> [INSTRUCTIONS TO FOLLOW] Could you retype exactly the lines below between the one holding "Asuransi Sequislife: Asuransi" and the one holding "木村昴 コカ コーラ誕生135年を祝して はぴばコーラ コーラしか勝たん", inclusive, leaving out any pictures?

───── DATA RECORDS

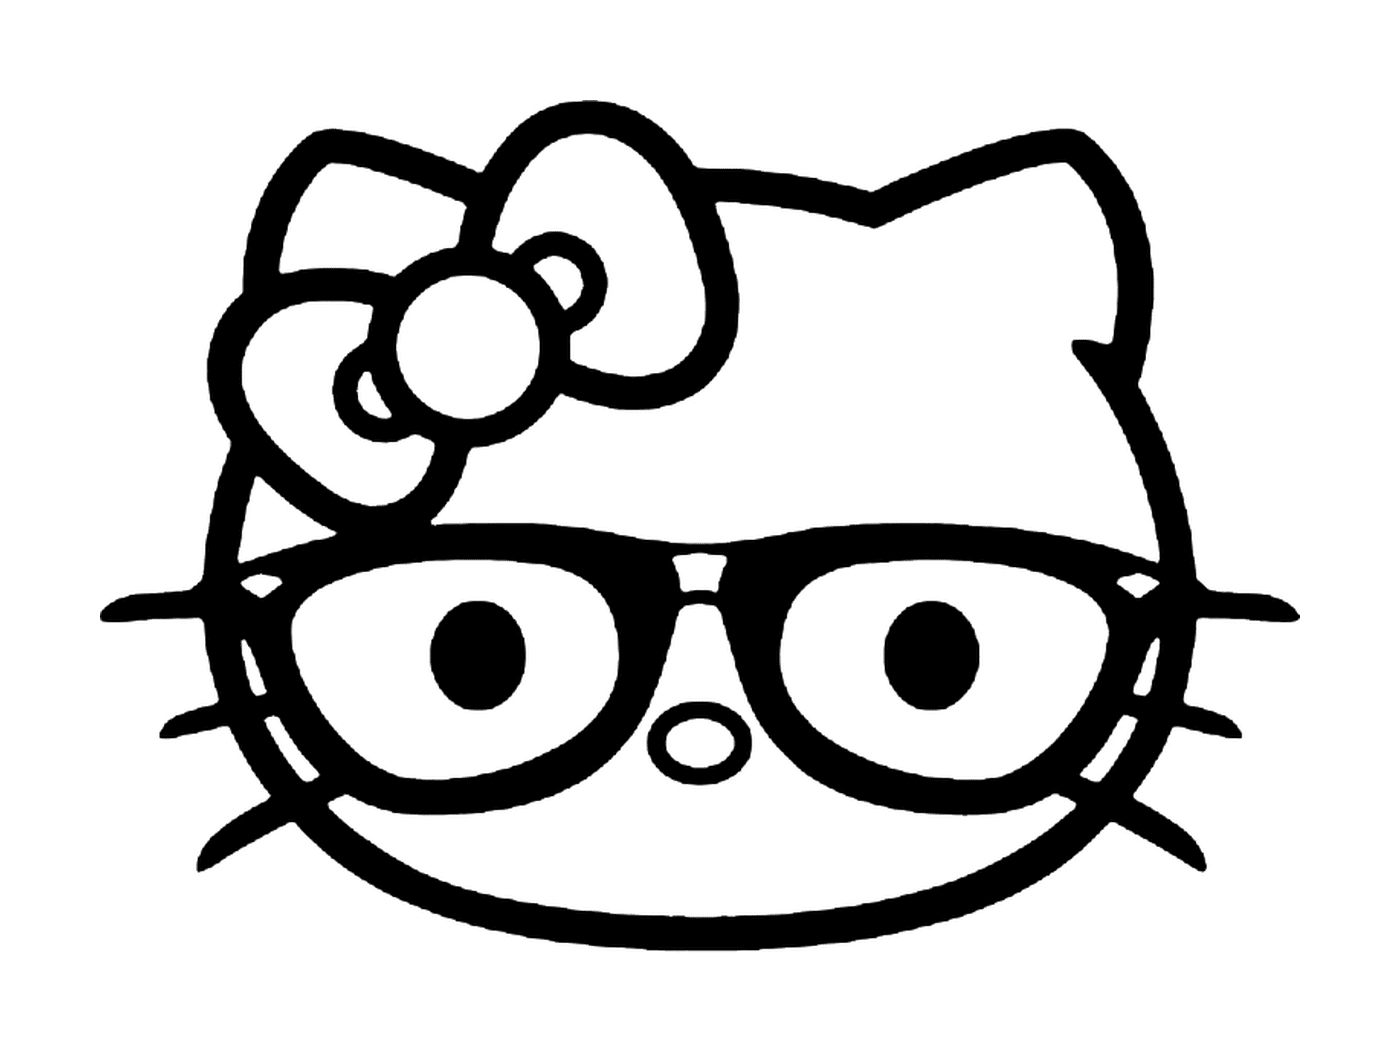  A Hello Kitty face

──────────
───── DATA RECORDS

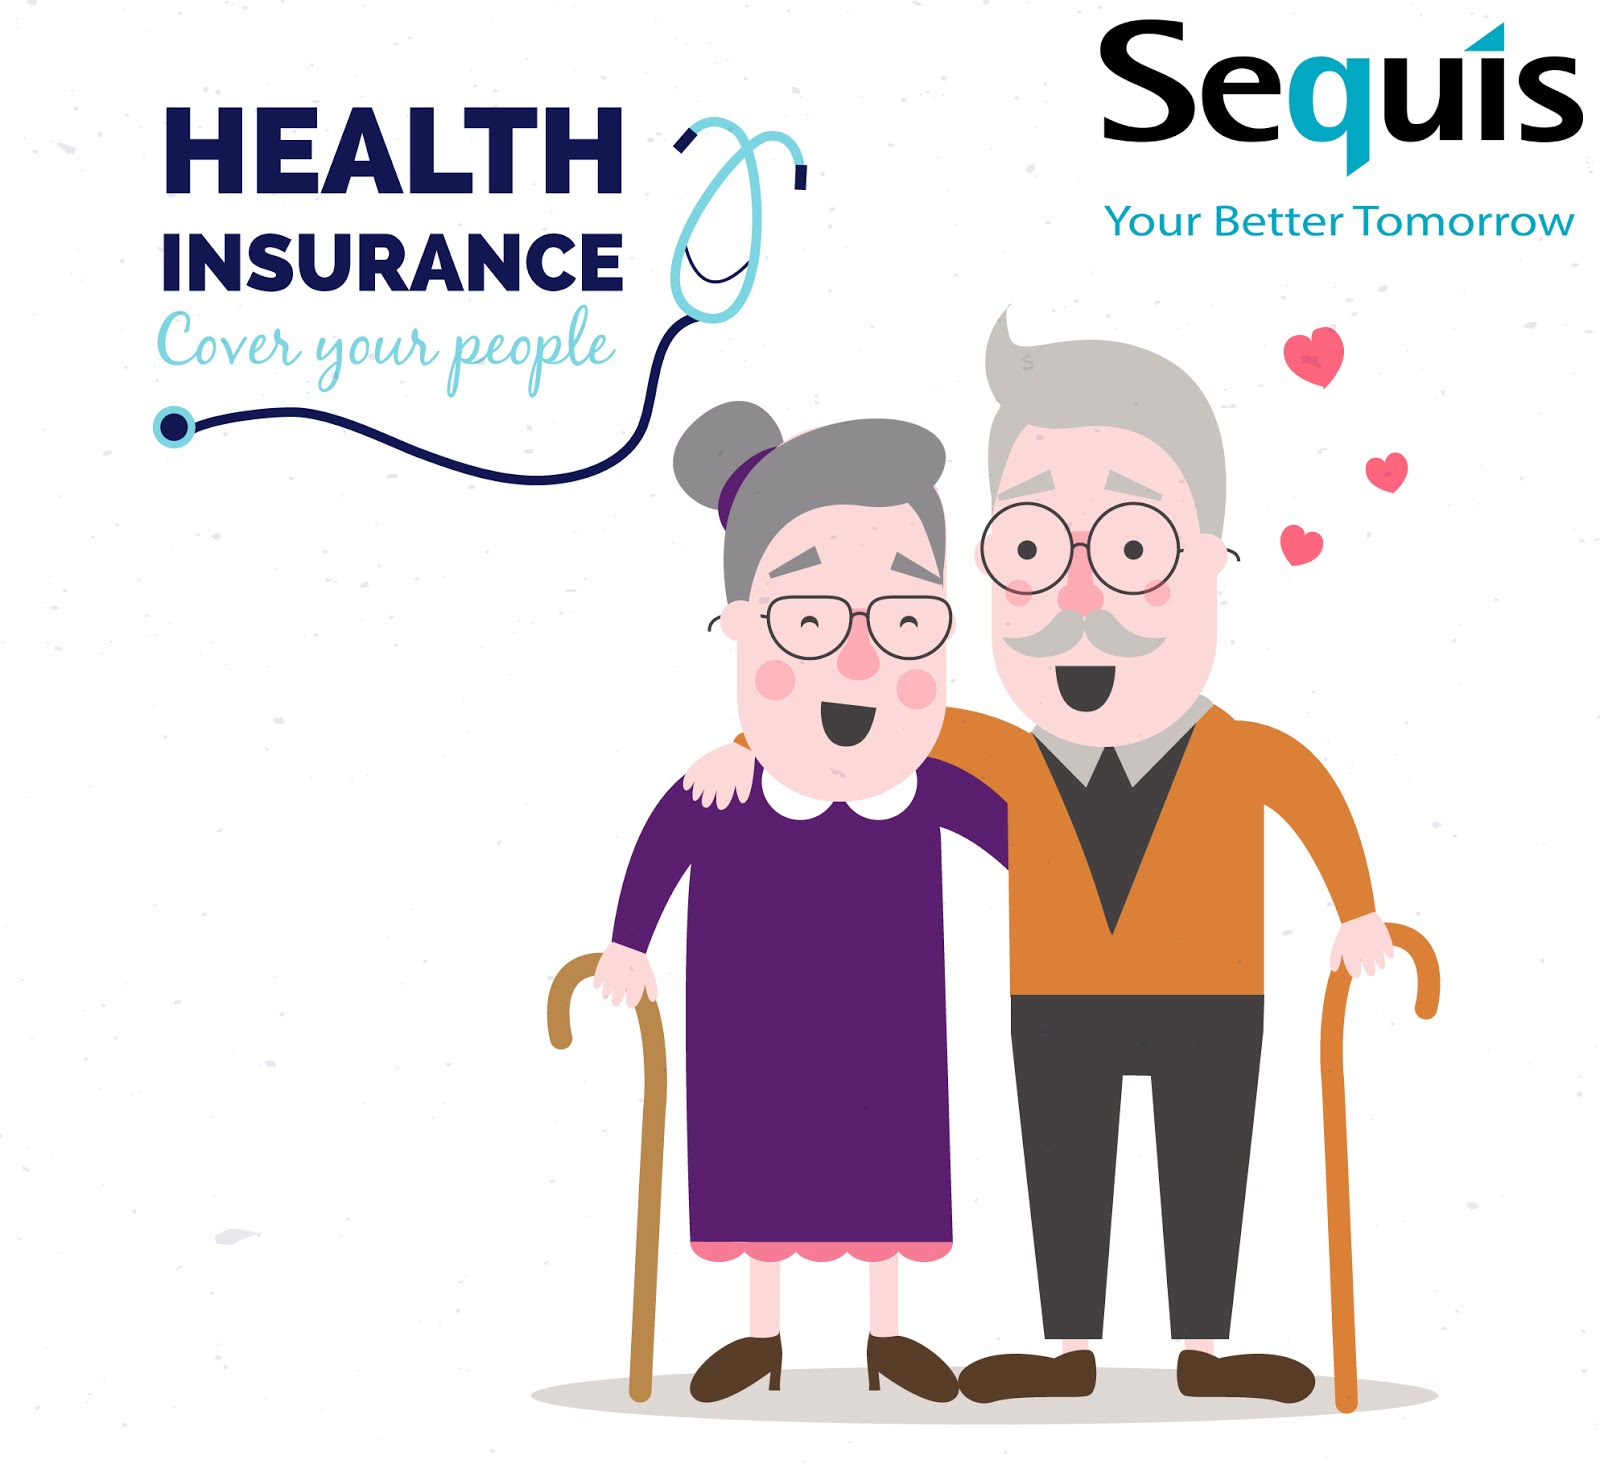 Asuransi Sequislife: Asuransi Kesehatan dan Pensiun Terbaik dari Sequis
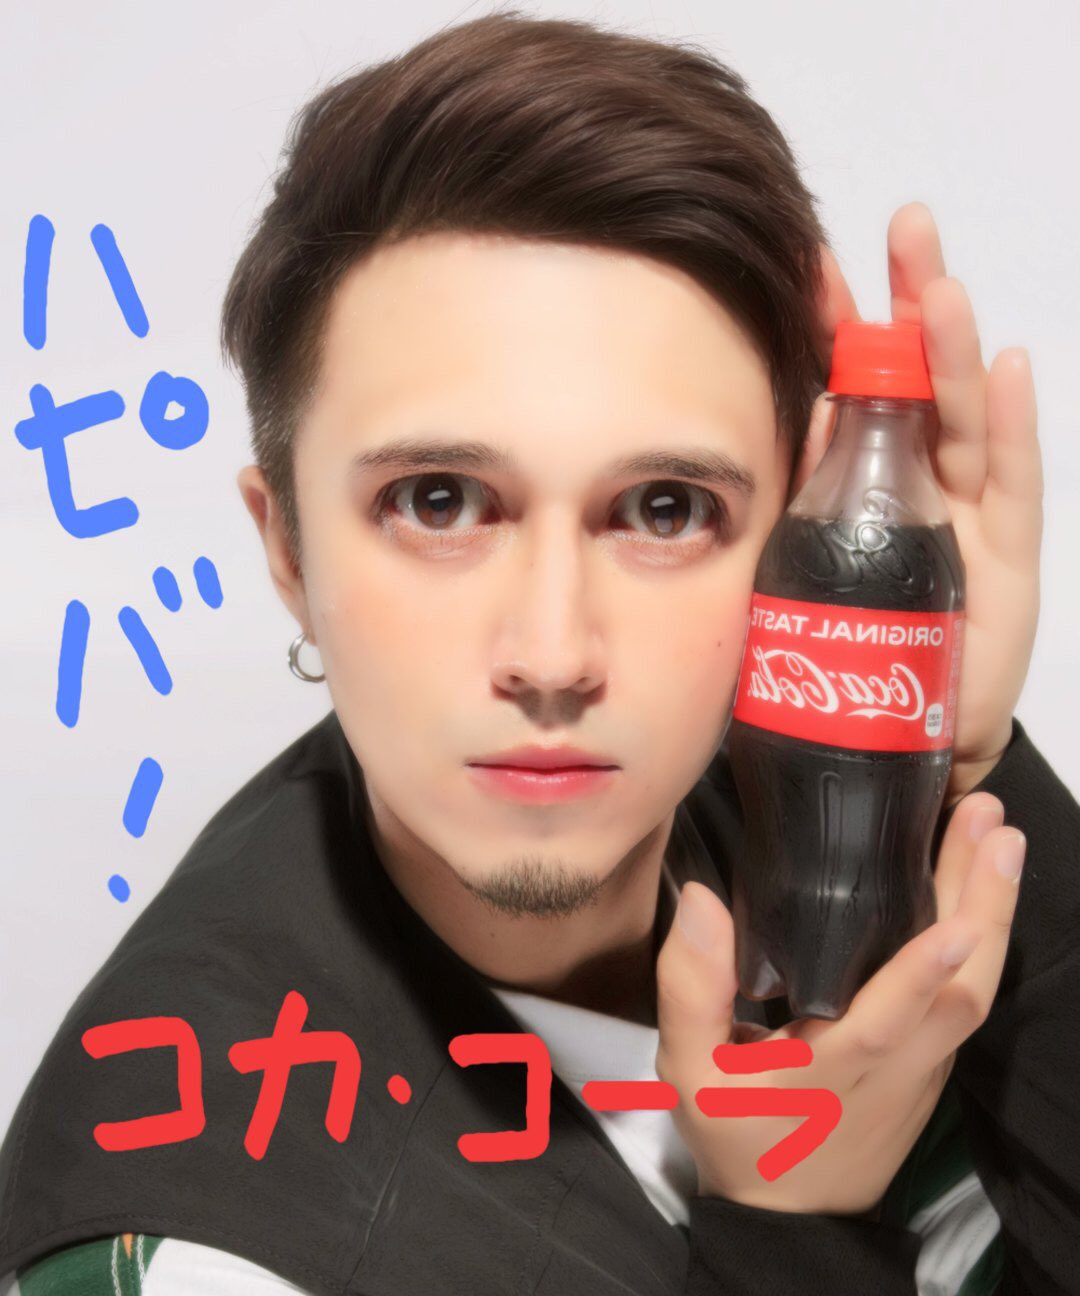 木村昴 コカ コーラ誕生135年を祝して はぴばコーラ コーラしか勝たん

──────────
───── DATA RECORDS

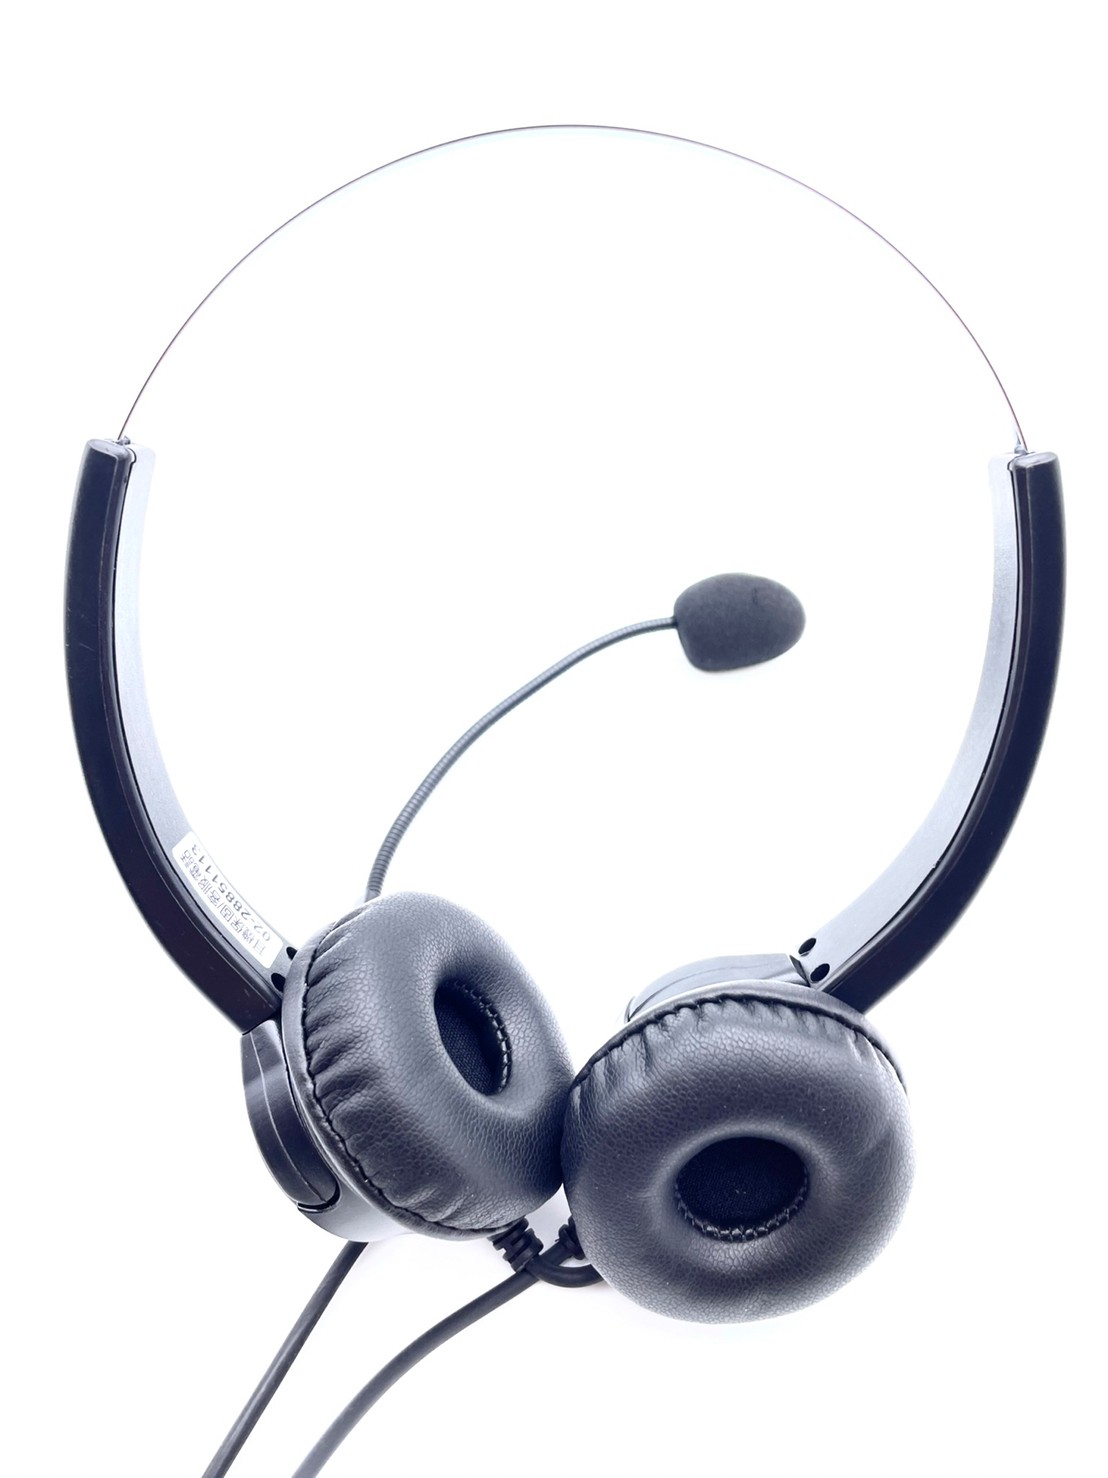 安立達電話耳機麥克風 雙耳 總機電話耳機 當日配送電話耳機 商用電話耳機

──────────

> [EXERCISE RESULT]
 Asuransi Sequislife: Asuransi Kesehatan dan Pensiun Terbaik dari Sequis
 木村昴 コカ コーラ誕生135年を祝して はぴばコーラ コーラしか勝たん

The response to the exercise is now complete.